Q&A Tasks: Single model response → evaluation
Tool Use: Model request → tool execution → model continues
Games: Model move → game state update → environment feedback → repeat
Tutoring: Model attempt → hint/correction → retry until correct
Debate: Model A argument → Model B rebuttal → judge evaluation

Environment Types

MultiTurnEnv: Maximum Flexibility

The base class for custom interaction protocols:

import verifiers as vf
from verifiers.types import Messages, State
from typing import Tuple

class MyProtocol(vf.MultiTurnEnv):
    async def env_response(self, messages: Messages, state: State) -> Tuple[Messages, State]:
        """Define how environment responds to model"""
        response = [{"role": "user", "content": "Environment feedback"}]
        state["turn"] = state.get("turn", 0) + 1
        return response, state
    
    async def is_completed(self, messages: Messages, state: State) -> bool:
        """Define when interaction ends"""
        # Always defer to the base implementation so turn limits are respected
        if await super().is_completed(messages, state):
            return True
        return state.get("task_complete", False)

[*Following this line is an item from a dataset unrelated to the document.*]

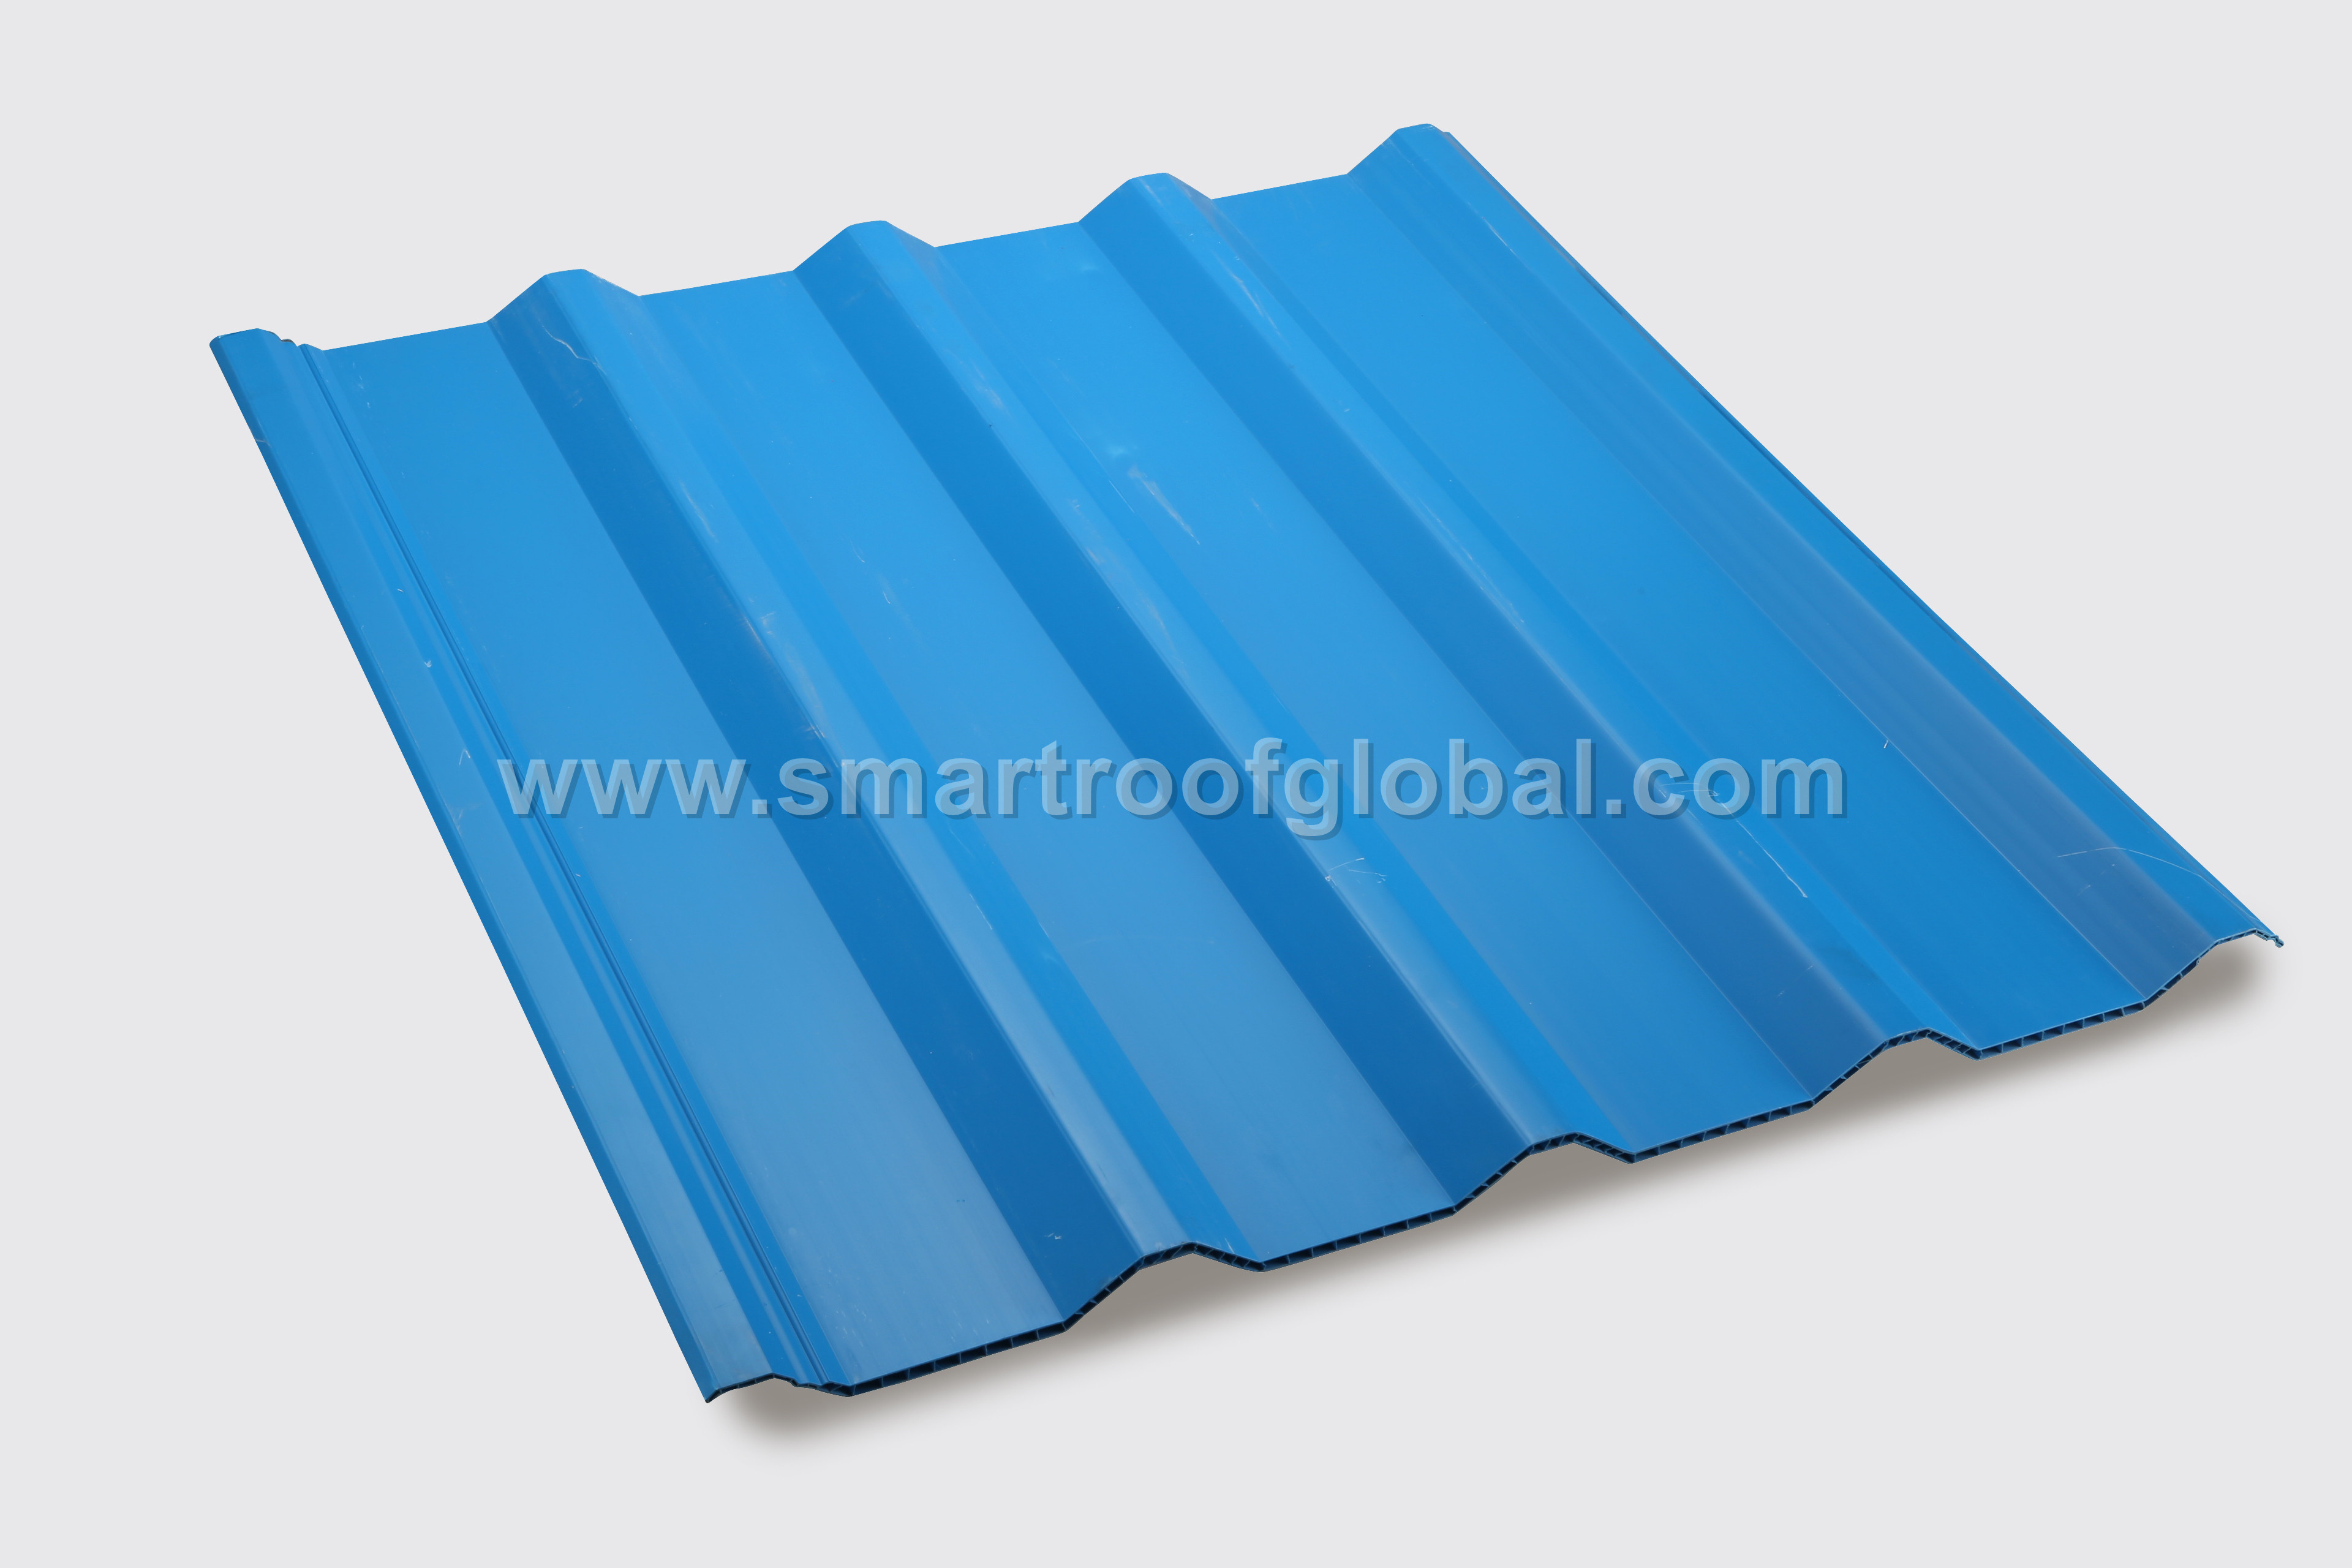 Plastic Roofing Sheets, Corrugated Plastic Roofing Sheets Manufacturer

ToolEnv: Native Tool Calling

Leverages models’ built-in tool calling for agentic workflows:

env = vf.ToolEnv(
    tools=[search, calculate, execute_code],  # Stateless Python functions
    max_turns=10,
    dataset=dataset,
    rubric=rubric
)

Tools may be sync or async. Keep them pure: the environment ends when the assistant responds without tool calls. If you must inject rollout-specific context, upgrade to StatefulToolEnv and override update_tool_args instead of relying on global state.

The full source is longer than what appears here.